Last week was half term in Wales and so the Farmer & I took the opportunity to take our grandchildren away for a short holiday. It was the first time they had gone away with us overnight but it was hugely successful. I had found a delightfuly eccentric cottage only two minutes walk from the beach on the Parrog at Newport in Pembrokeshire so althought the children were with us for only one night we spent almost the whole time either on the beach or walking the coast path. Both the children(8 and 5 years respectively) are good walkers and were quite happy to keep going to see what was round the next corner and finding tiny hidden coves where they scrambled over rocks and searched for sea anemones and pretty shells in the pools, to say nothing of competing with their grandfather in playing ducks-and-drakes (skimming flat stones across the water to see how many 'hops' the stone would make). The children's parents came to fetch them home on the second evening and the Farmer and I then had two days to recover! We were incredibly lucky that this little jaunt coincided with the most glorious weather...it really was like high summer which is of course all wrong for the last week of February! To think that this time last year we were in the grip of freezing temperatures and snow and ice making life so difficult.
We returned to the farm to find that lambing has begun. We didn't have a great start with some lambs not surviving and a dead ewe but things have now improved and last night we had a set of lovely strong triplets to add to the tally. We are lambing only about 30 ewes so every loss is significant but now things are looking up and hopefully we will not have too many difficulties from now on. Fortunatley the weather is reasonable despite the occasional rain shower so the ewes and lambs can go out once tha lambs are a couple of days old.
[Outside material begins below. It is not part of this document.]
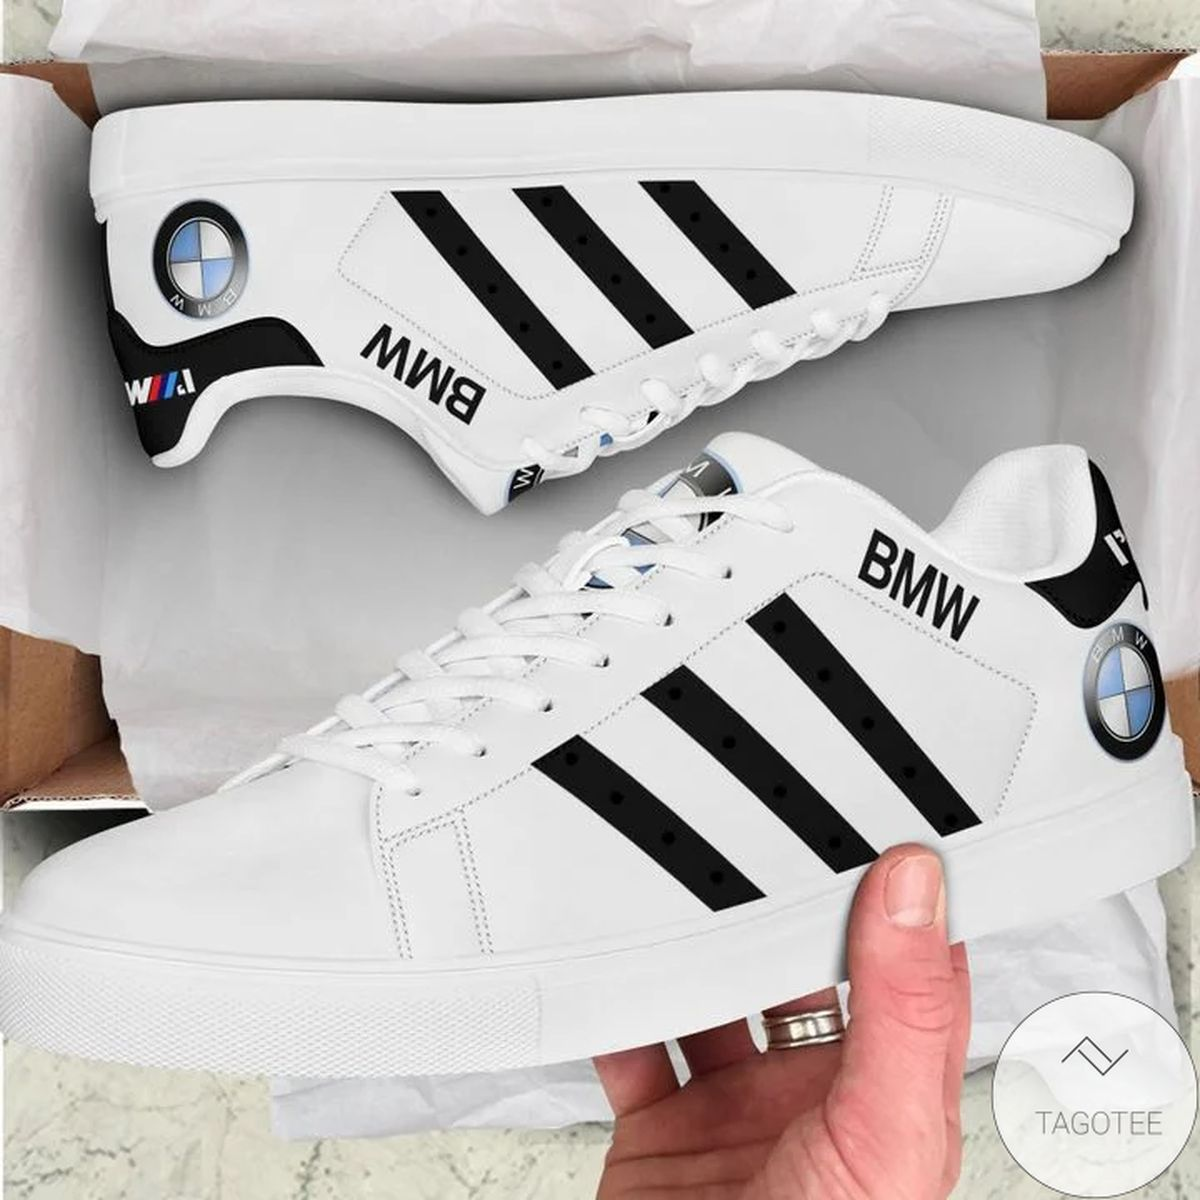 3D Bmw Stan Smith Shoes
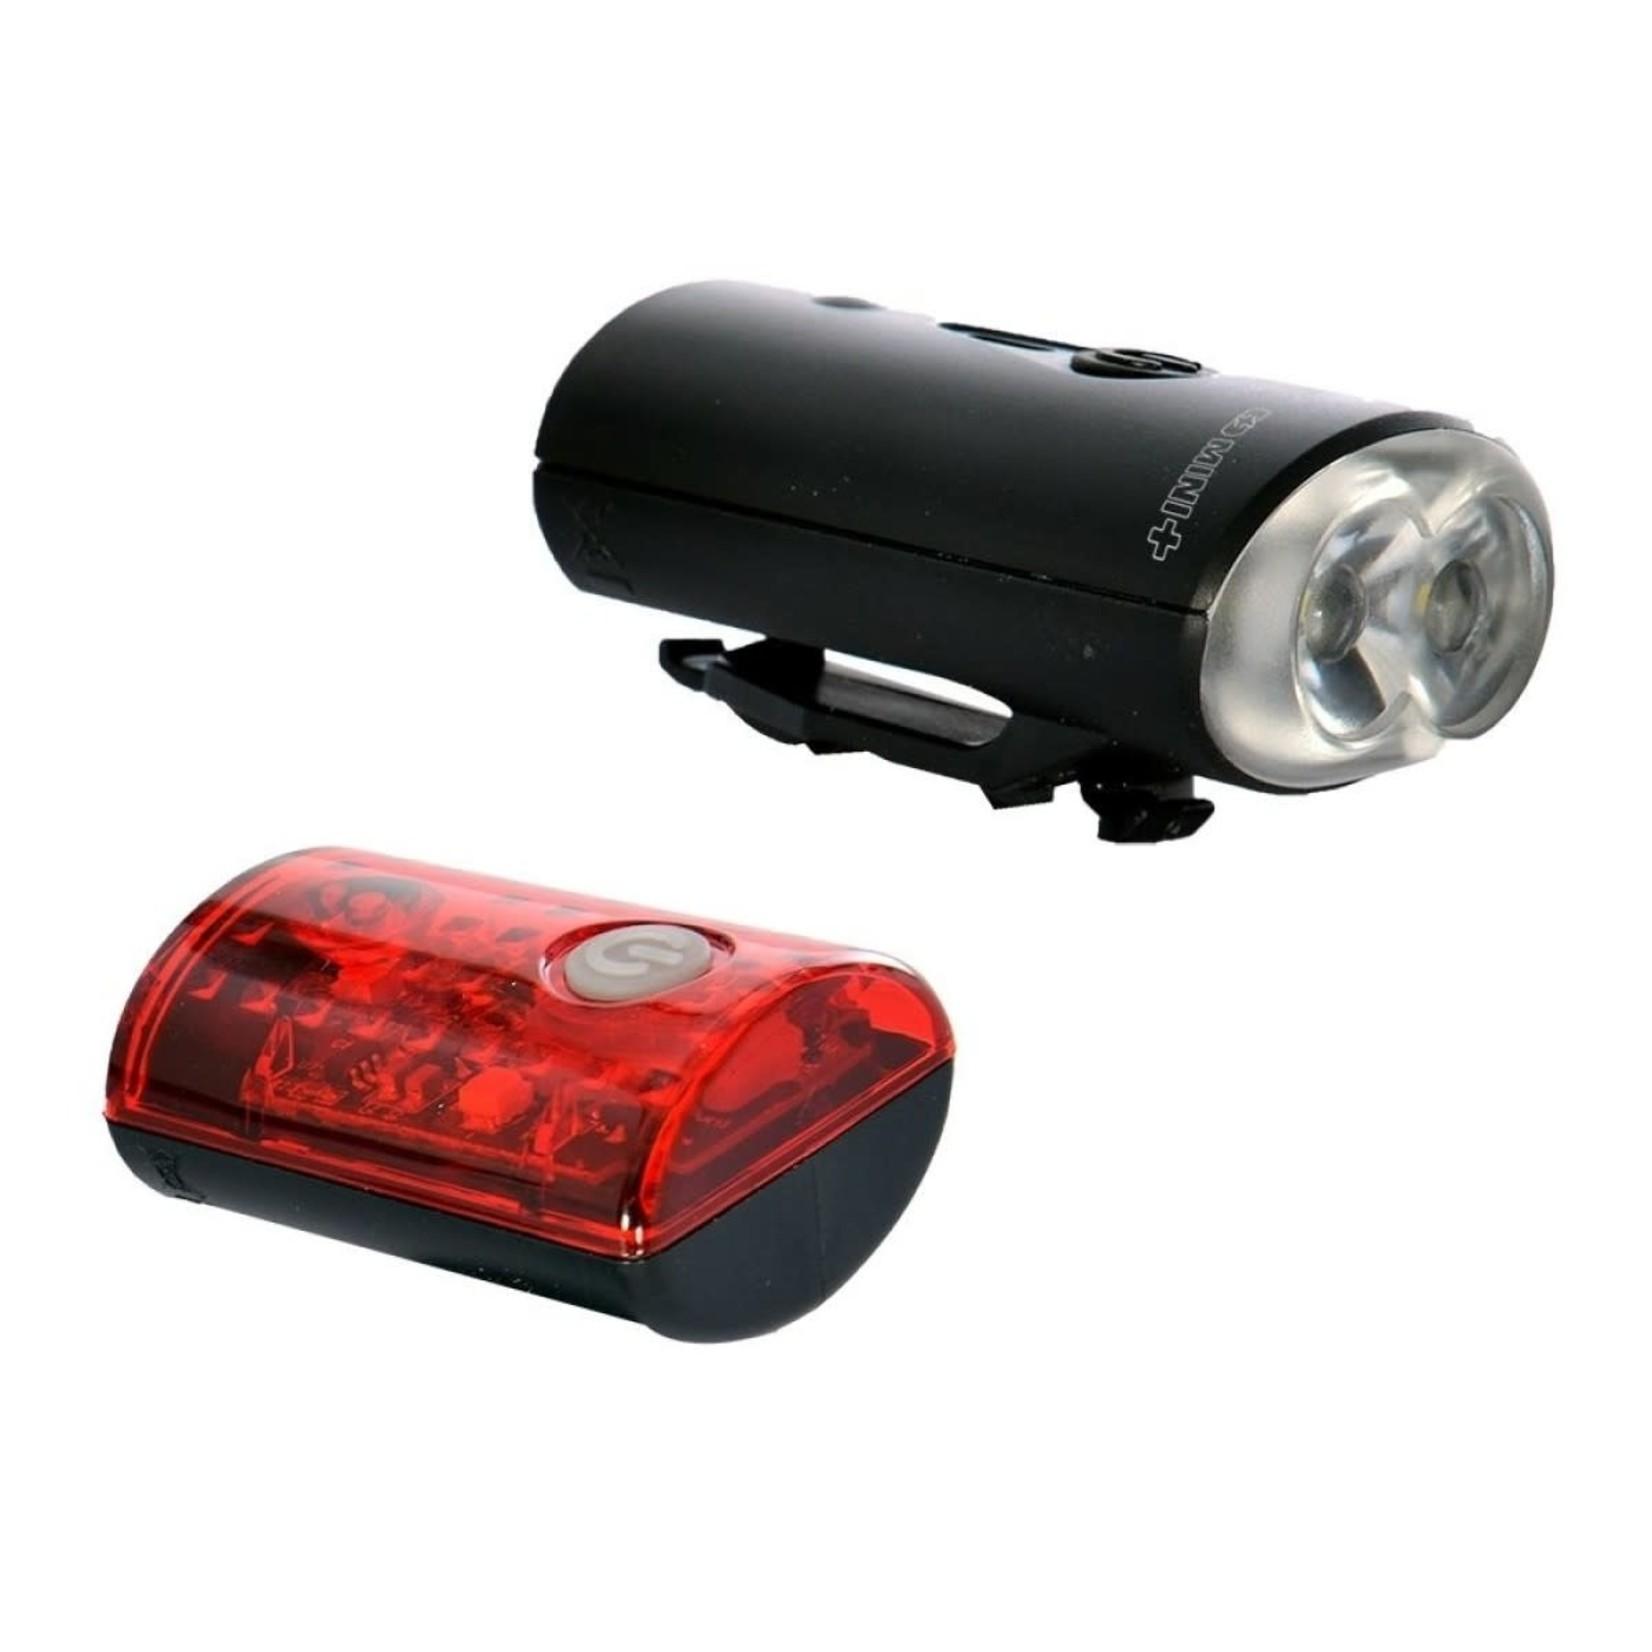 Oxford Ultratorch Mini+ USB Lightset

With March of course come the daffodils and we have so many all around the farm, of many different varieties from tiny little tete-a-tete and my favourite Tenby daffodils the little 'wild' ones to the rather vulgar flamboyant golden trumpets that herald in the spring. With strong winds we have had over the last couple of days a number of the daffies don't d=survive th buffetting so I go round each morning gathering the fallen flowers and so so I have jugs of glorious golden bouquets all through the house.